Alf Mintzel

Personal information
- Date of birth: 21 December 1981 (age 44)
- Place of birth: Würzburg, West Germany
- Height: 1.80 m (5 ft 11 in)
- Position(s): Left-back; midfielder;

Youth career
- 0000–2000: ASV Rimpar

Senior career*
- Years: Team / Apps / (Gls)
- 2000–2001: ASV Rimpar
- 2001–2003: Würzburger FV / 67 / (8)
- 2003–2004: Greuther Fürth / 5 / (0)
- 2003–2004: Greuther Fürth II / 24 / (2)
- 2004: 1. SC Feucht / 18 / (0)
- 2005–2007: Kickers Offenbach / 44 / (2)
- 2007–2010: SV Sandhausen / 76 / (12)
- 2010–2019: Wehen Wiesbaden / 274 / (23)
- 2010–2013: SV Wehen Wiesbaden II / 5 / (3)
- Total:  / 513 / (50)

= Alf Mintzel =

German former professional footballer (born 1981)

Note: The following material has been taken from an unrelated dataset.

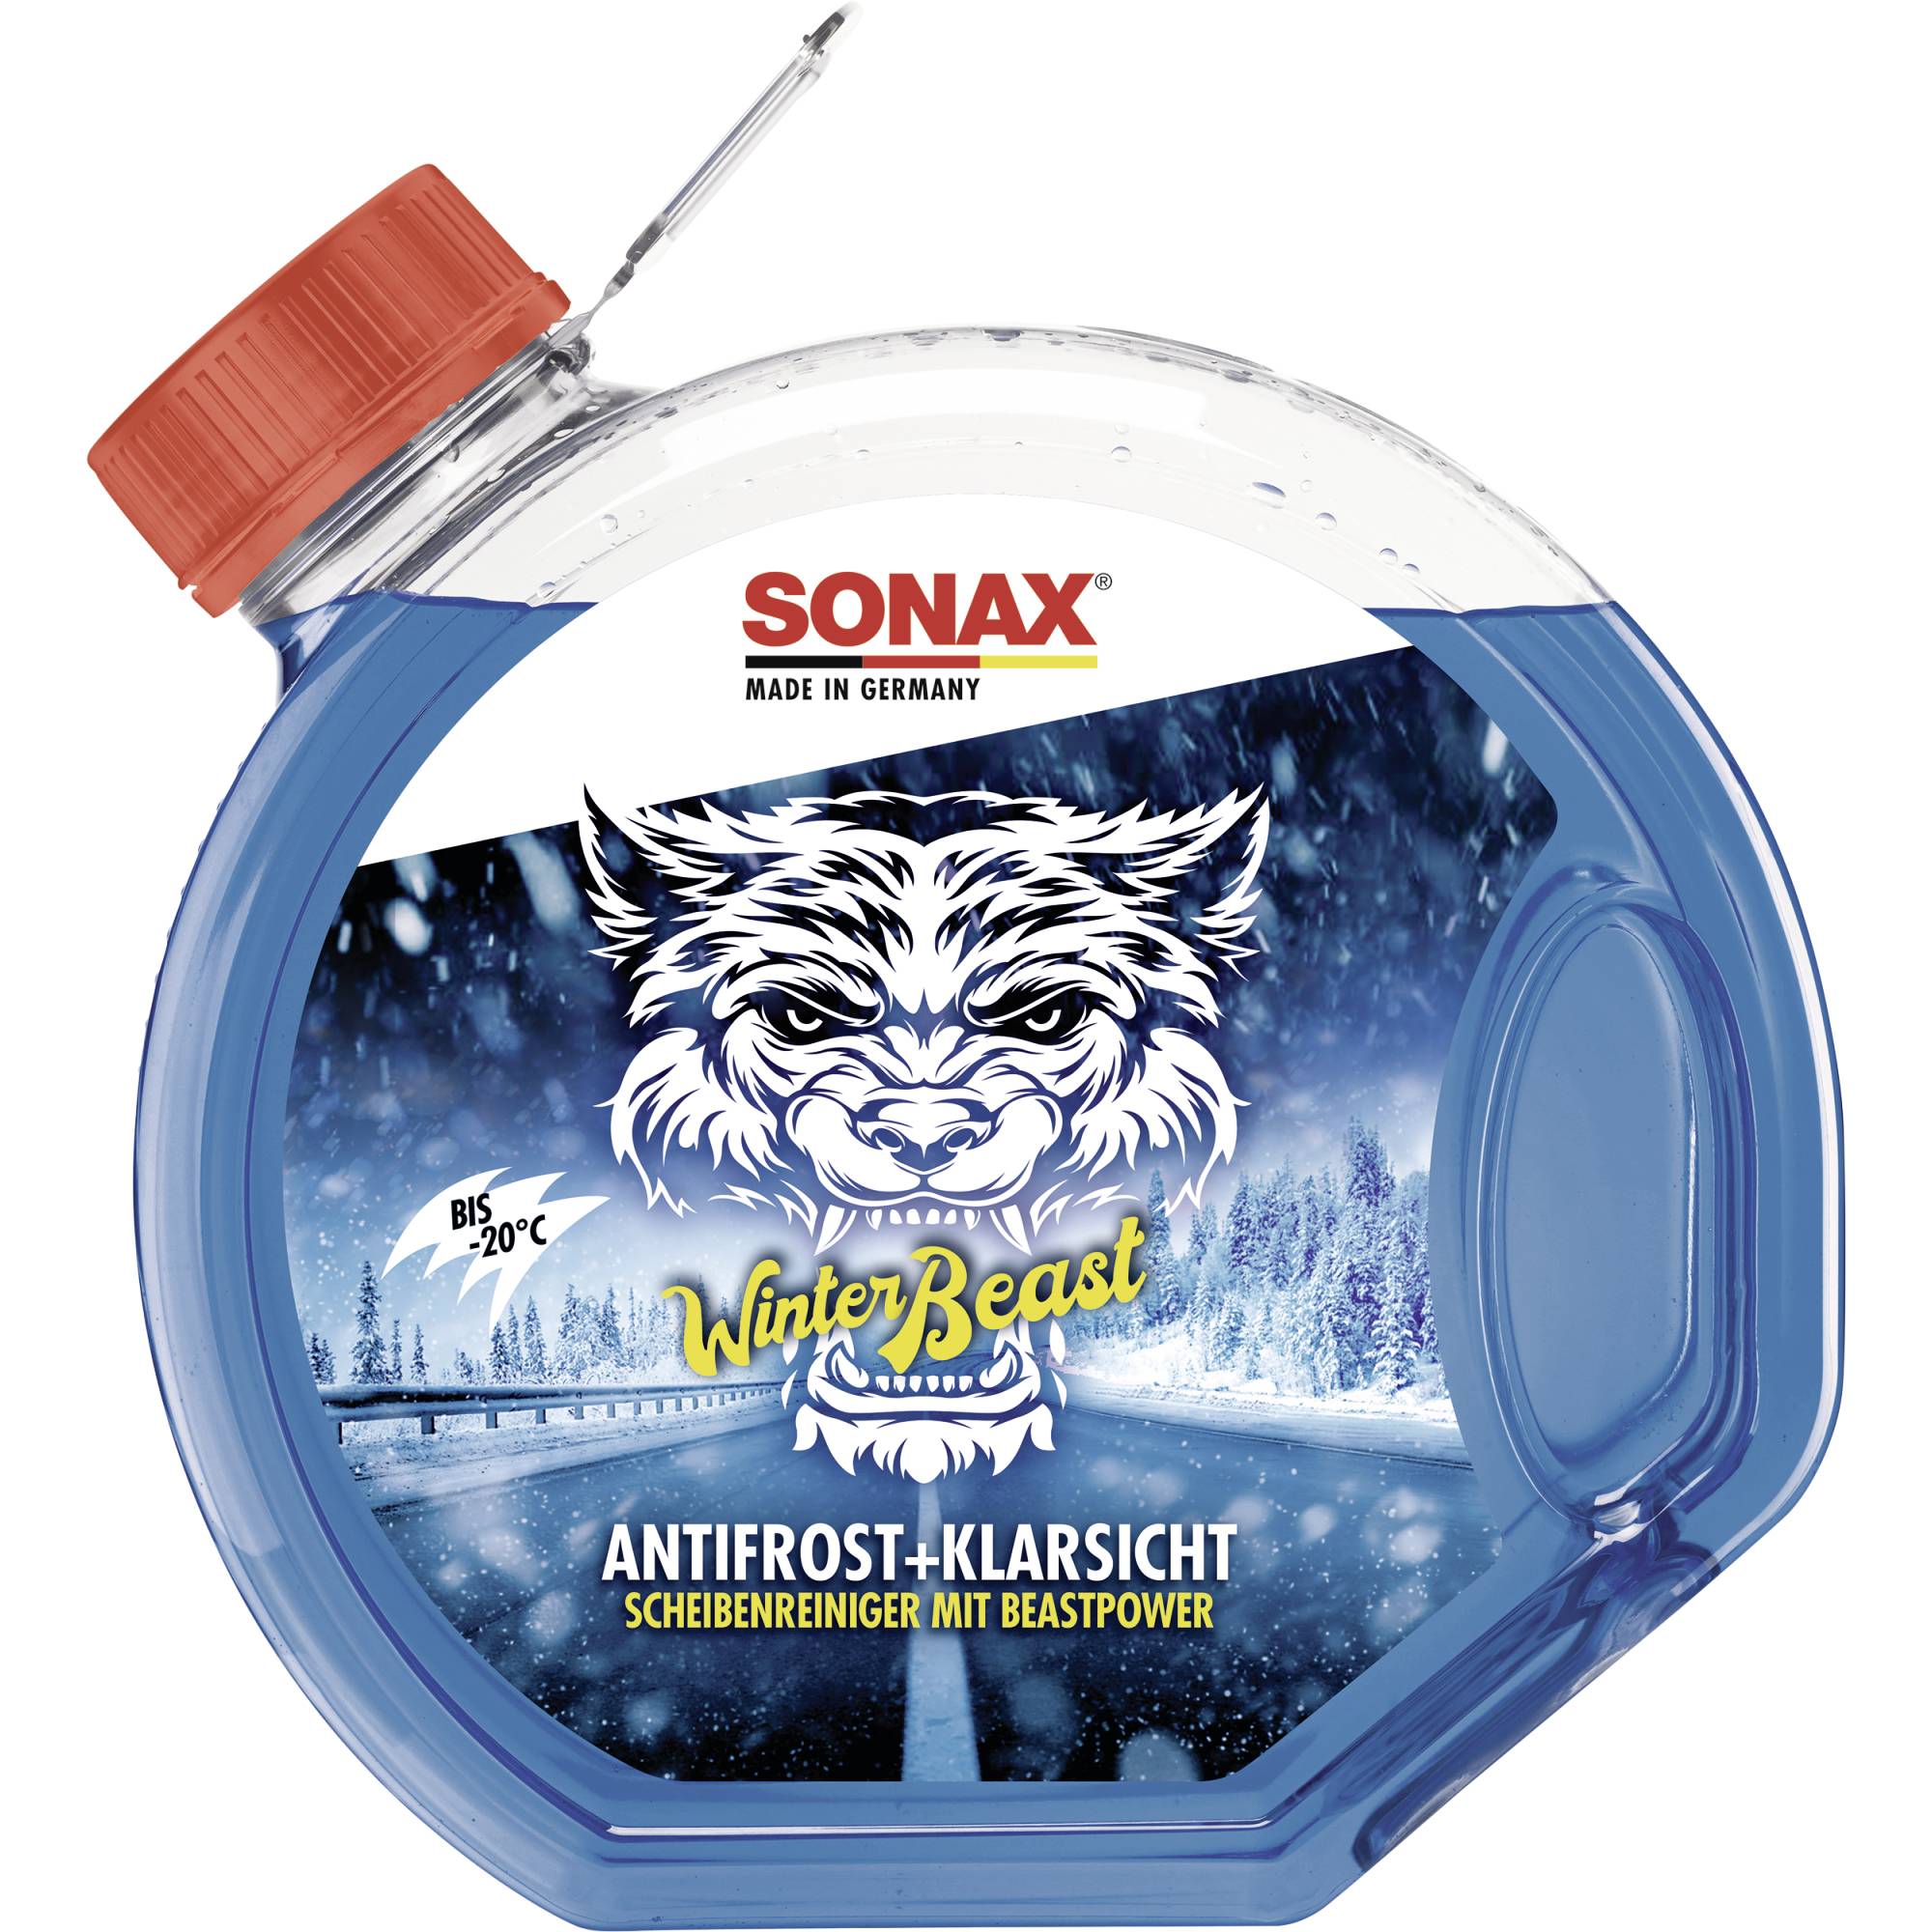 Sonax Winterbeast Antifrost + Klarsicht

Alf Mintzel (born 21 December 1981) is a German former professional footballer who played as a left-back or midfielder.

==Career==
Mintzel started off his career at his local club, ASV Rimpar. There he was picked up by Würzburger FV. He stayed for two years before moving to SpVgg Greuther Fürth. He was in Fürth for only a year before joining 1. SC Feucht. After less than a year he got an offer from rivals Kickers Offenbach, which he accepted. He played for Offenbach for two years, before joining SV Sandhausen for three years. In 2010, he left the club and joined his current team SV Wehen Wiesbaden, where he had a contract until 30 June 2012.

In May 2019, at the age of 37, Mintzel announced his retirement.